Provided information
§ §

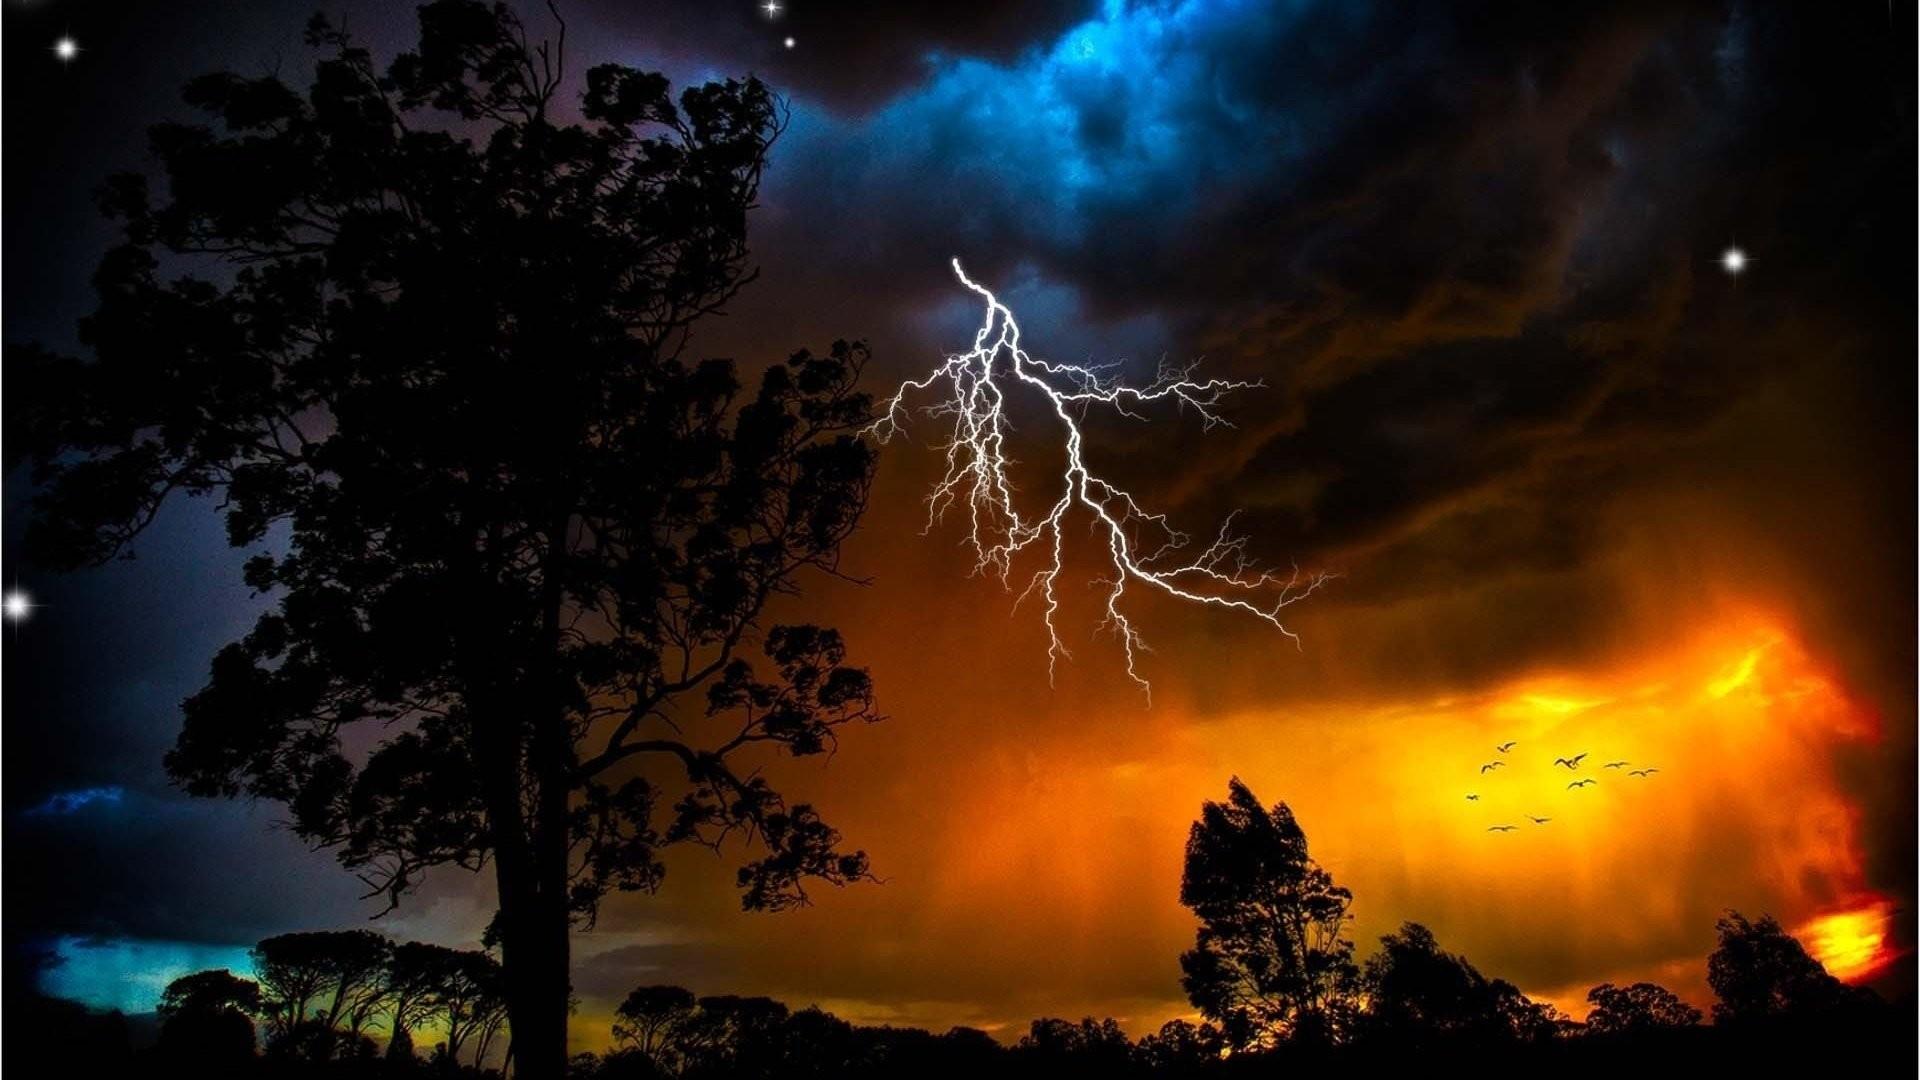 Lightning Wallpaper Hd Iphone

§ §

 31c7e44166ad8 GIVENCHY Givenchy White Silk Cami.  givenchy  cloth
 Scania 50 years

§ §

What to produce
Could you reproduce, exactly, every line above from the line with "31c7e44166ad8 GIVENCHY Givenchy" to the line with "Scania 50 years", and no other line? Both ends count.

Exercise solution
 31c7e44166ad8 GIVENCHY Givenchy White Silk Cami.  givenchy  cloth
 Scania 50 years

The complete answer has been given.